Fortra continues to invest in both the development team and the research team. We recently released a Thread Stack Spoofing tool into the Cobalt Strike Arsenal Kit and we have a number of other tools currently in development that we are expecting to release over the next few weeks, filling in the gap between now and the 4.8 release at the end of the year. The reason for this aside is to reassure you all that we are acutely aware of the issues that you’re facing and while the 4.7 release itself doesn’t contain a raft of tools to address issues around evasion, we are taking this seriously and already working on this in the background. Thank you all for your patience as our research team finds their feet and research efforts ramp up.

Now, back to the details of the 4.7 release.
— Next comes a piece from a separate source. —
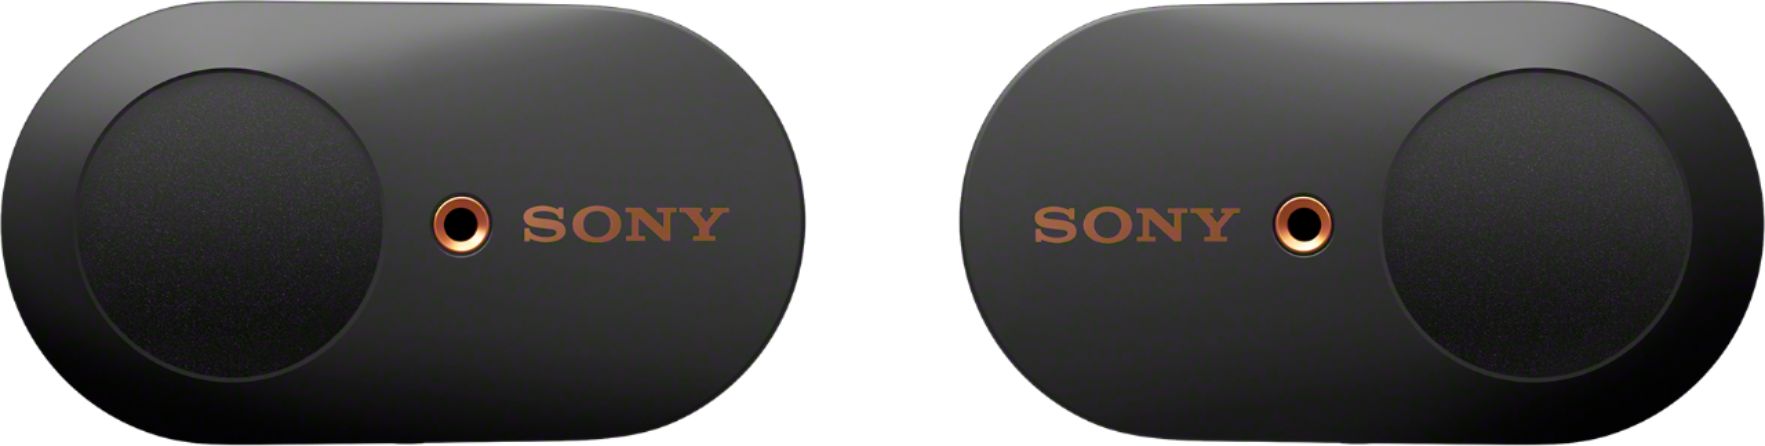 Sony WF-1000XM3 True Wireless Noise Cancelling In-Ear Headphones Black  WF1000XM3⁄B - Best Buy
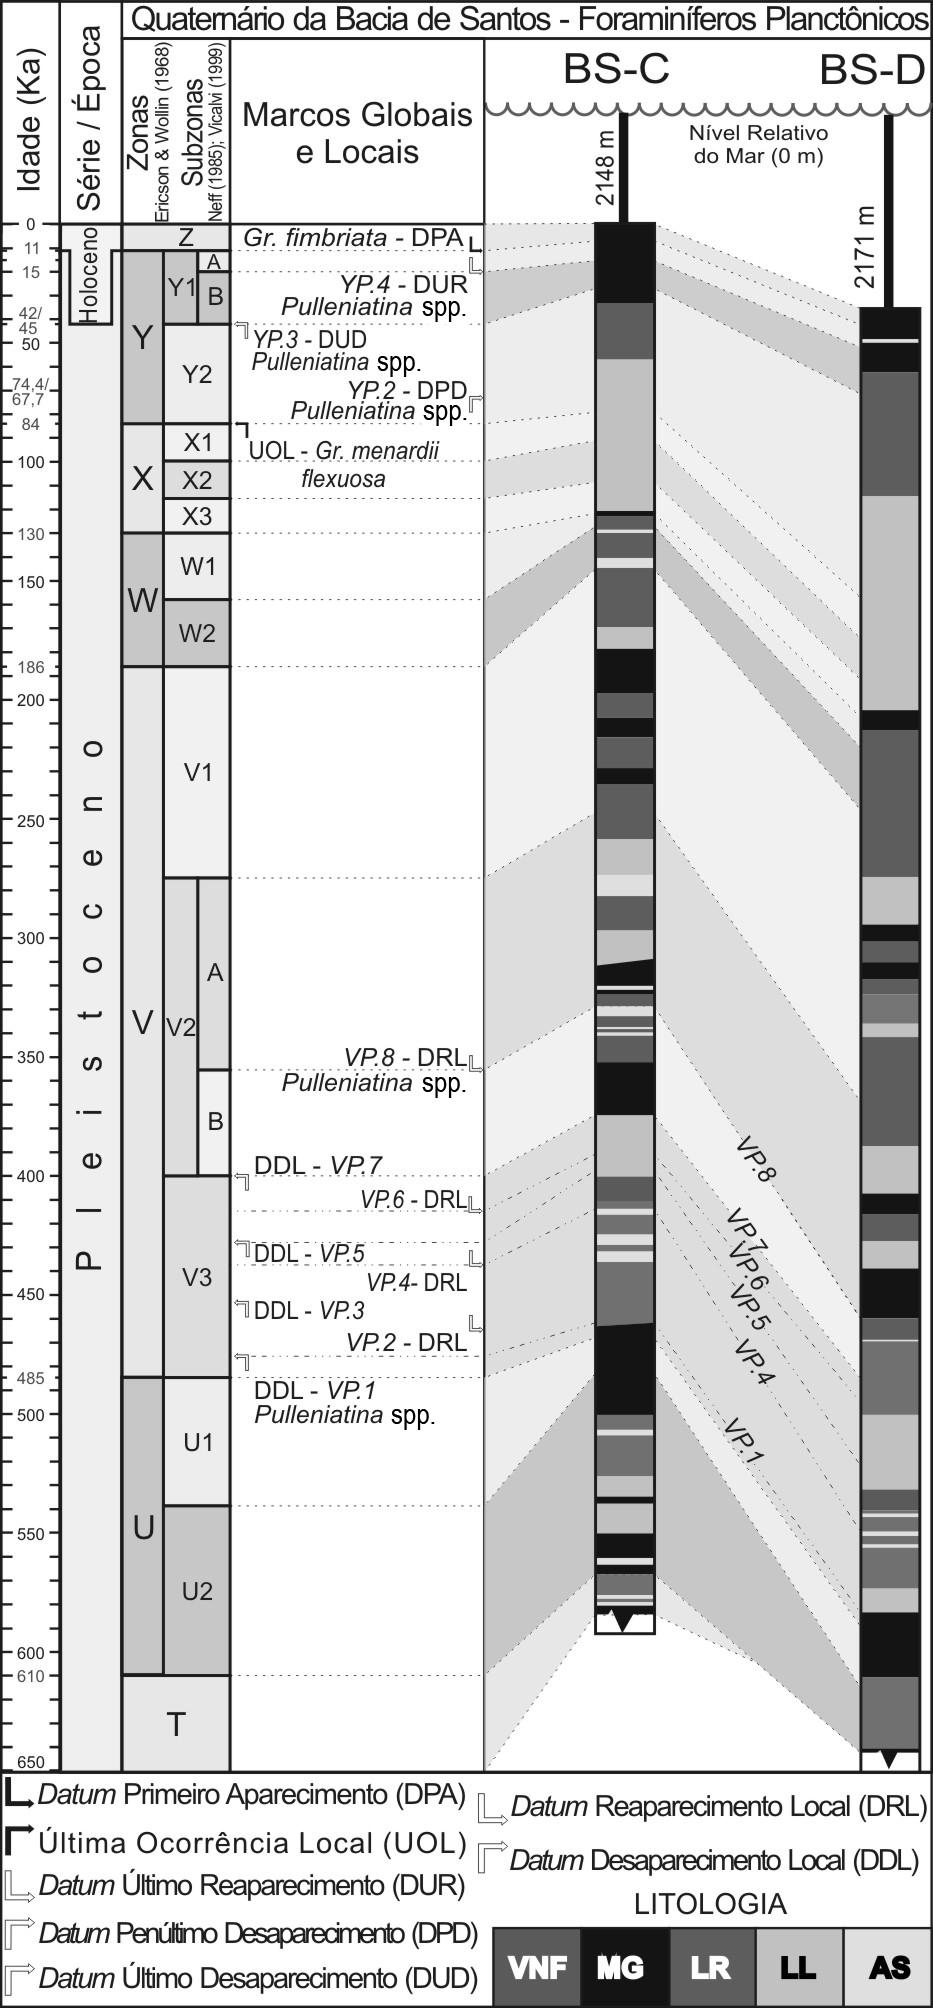 184 REVISTA BRASILEIRA DE PALEONTOLOGIA, 15(2), 2012 A Subzona Y1B é caracterizada pela ausência do plexo Pulleniatina. Seu limite inferior (Y2/Y1B) é marcado pelo biohorizonte YP.

That’s what you’re here for, after all.

SOCKS5 Proxy Server Support

This release sees the implementation of a popular feature request – support for SOCKS5. Rather than replacing SOCKS4a altogether, you can choose whether to use SOCKS4a or SOCKS5 when starting SOCKS. A number of changes have been made, including an update to the “Start SOCKS” dialog to enable you to choose between SOCKS4a and SOCKS5 (as well as enter required parameters if SOCKS5 is selected), an update to the Proxy Pivots table to display whether SOCKS4a or SOCKS5 is being used, updates to the commands to start and stop SOCKS in the Beacon console, and an update to the bsocks Aggressor Script command. For details on the new command line options, run help socks within a Beacon console. For general details of the changes, please refer to the documentation.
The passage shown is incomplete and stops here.